Some Farmers Fail to Think Big About the Future of Canola



This week the Canola Council of Canada released its long term objectives for 2025.  The Canola Council of Canada was bold in its plans to set the clear objectives for the industry. Is 22 million acres at a yield of 52 bushels/acre producing 26 million tonnes crazy? Is it too lofty? Is it out of touch with reality?  Some say it is entirely possible and some say, “NO WAY.”


Some farmers took to Twitter to express criticism and their displeasure for the Canola Council contributing to lower canola prices in the future and plugging the rail system forever due to the fallout of 26 million tonnes.

Not everyone can be a dreamer, I guess.  For those of you that want to be instantly negative about change in general, I ask you to have a deeper look at the alternatives.

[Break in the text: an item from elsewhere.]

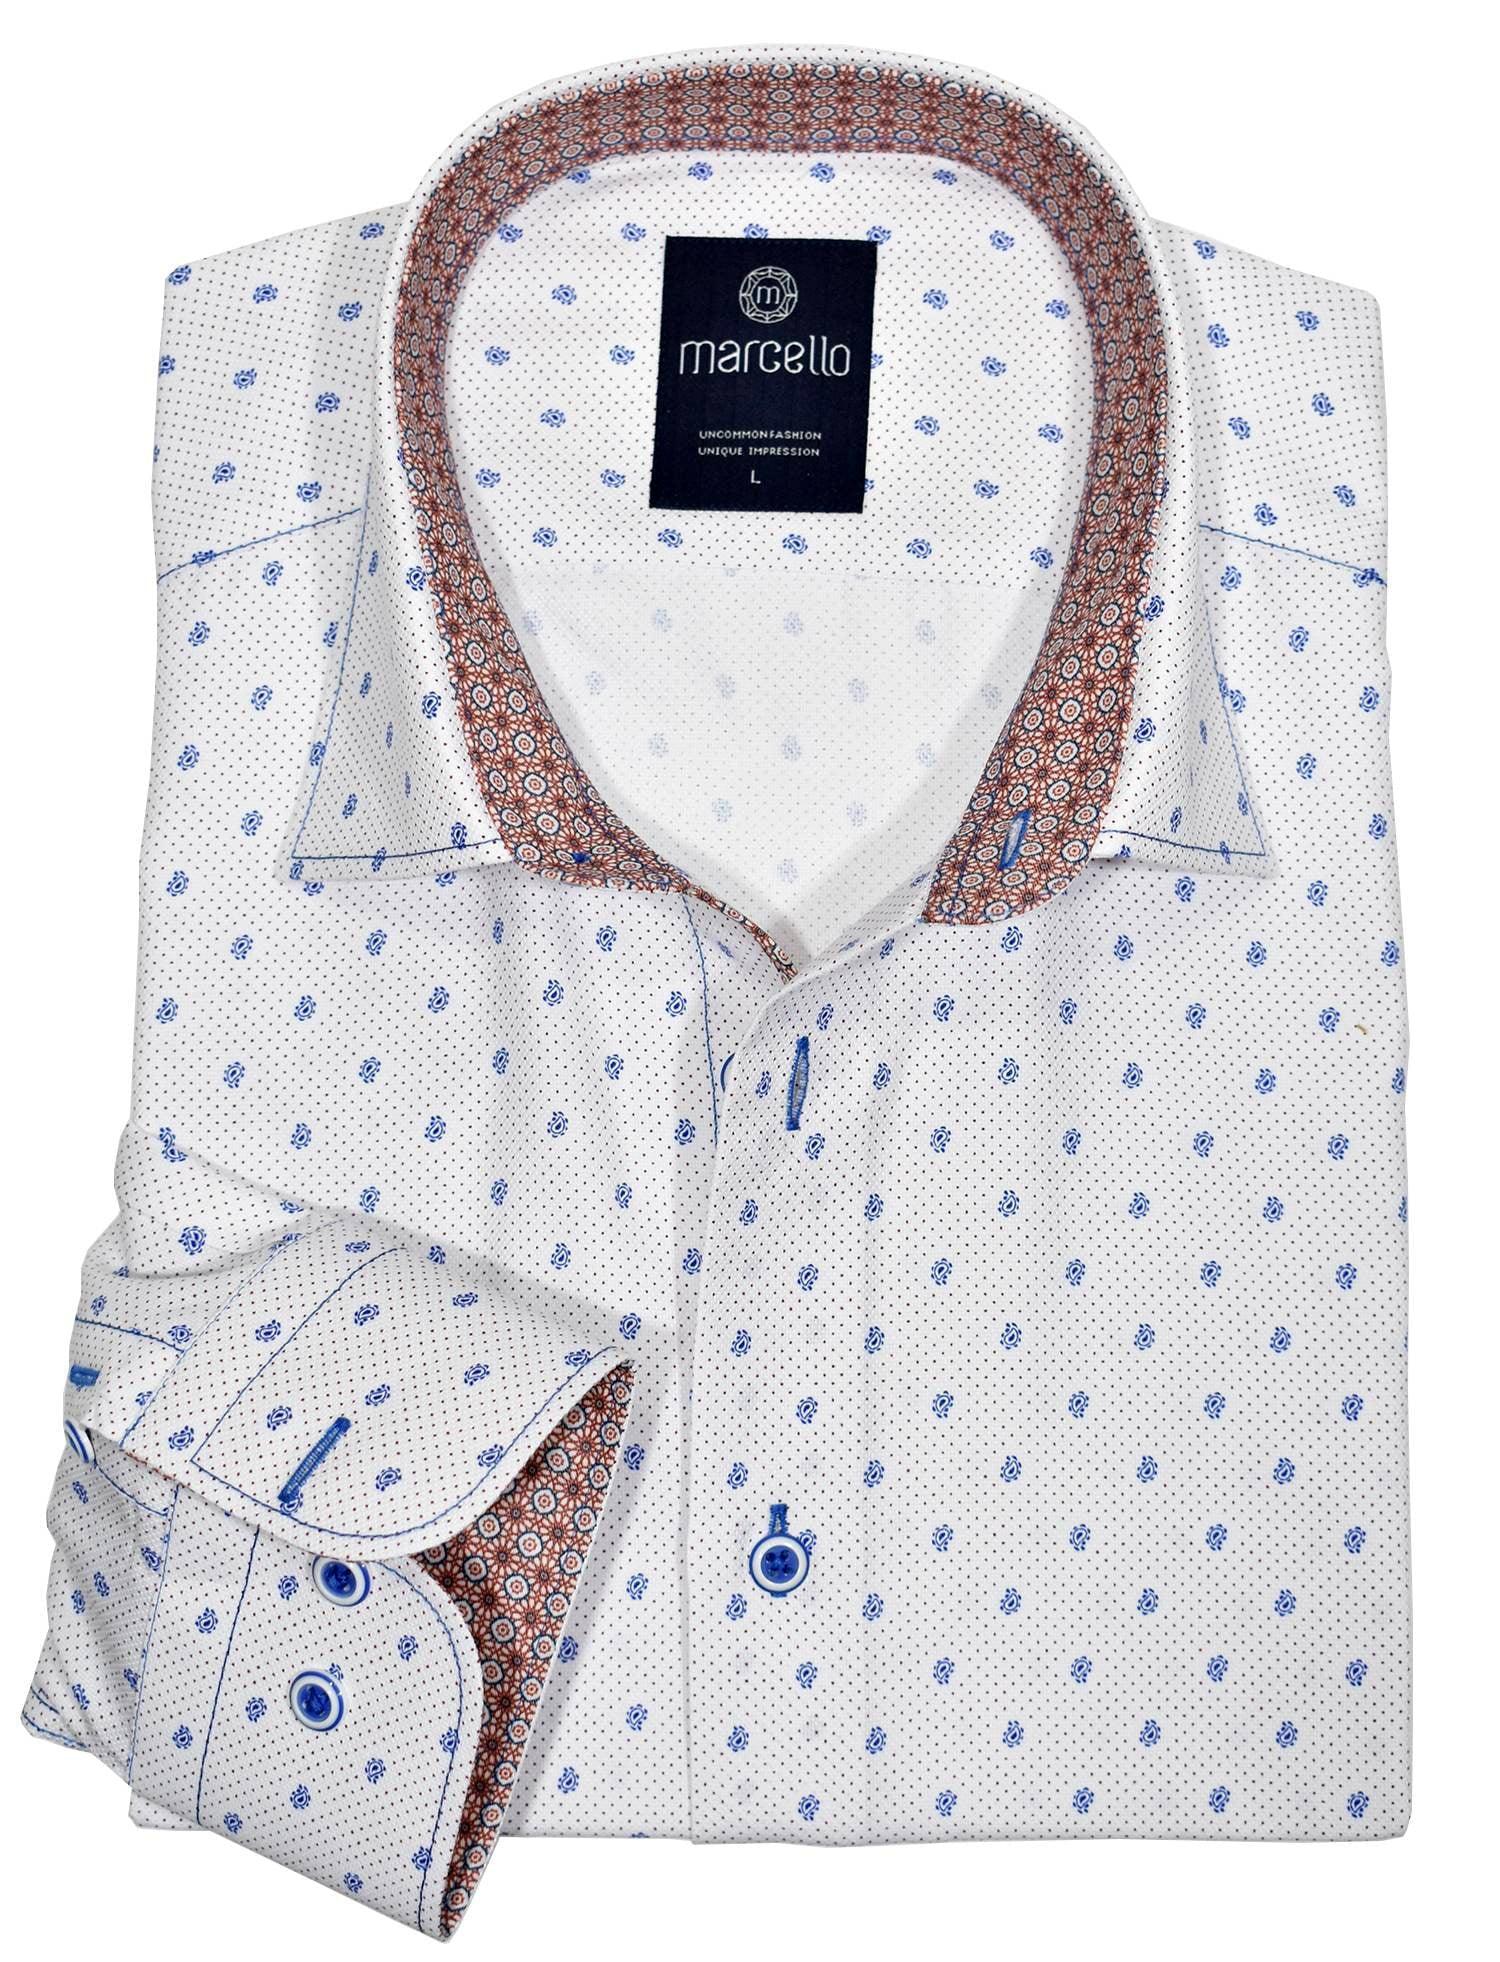 Ultra soft cotton. Fine royal oxford jacquard fabric. Contrast matched stitchwork. Custom selected buttons. 2 button signature cuffs. Classic shaped fit. Shirt by Marcello Sport

First, lets take a step back and consider the former goal of 15 million tonnes in 2015 (of which we blew through ahead of schedule in 2013).  Some called this goal ridiculous, outlandish and out of touch with what farmers and the industry were capable of.  Last time I checked attaining the 15 in 2015 target has also made many of you a lot of money.  If it hadn’t made you money canola rotations wouldn’t have shrunk from 4 to 3 years and acres wouldn’t be between 18 and 22 million.

With this week’s announcement the negative backlash from some farmers without consideration of the bigger picture of the industry is troubling. Many looked at the current railway issues as a reason to not dream of something bigger.  Would these people rather have the Canola Council say the following,

“In light of the current bearish commodity market, increasing basis levels and low commodity prices we have decided to do something radical.  We have decided to restrict production to 12 million acres and restrict investment in breeding programs because yields are high enough.  Lets be truthful, logistically we can only handle so much canola, we need to give other crops a better chance to surpass our dominance of the Western Canadian Prairies.”       — the Fake Canola Council of Canada —-

People would lose their minds. But is this not what you want? Don’t you want a system that guarantees farmer income and an industry that limits production growth? I don’t think so.

I firmly believe that the agriculture and oil industry need to provide production targets to challenge our two railway companies to figure out their future. Lay down the challenge, so to speak. Railways, seed companies, exporters, crushers and farmers all have a role in fulilling the targets as presented.

All industries must present challenges and objectives to stakeholders.  We all have dreams that we want to attain and the Canadian Canola industry should be no different. The last time the Canola Council set targets it worked out pretty well for the industry and especially your farm.  And that is the truth.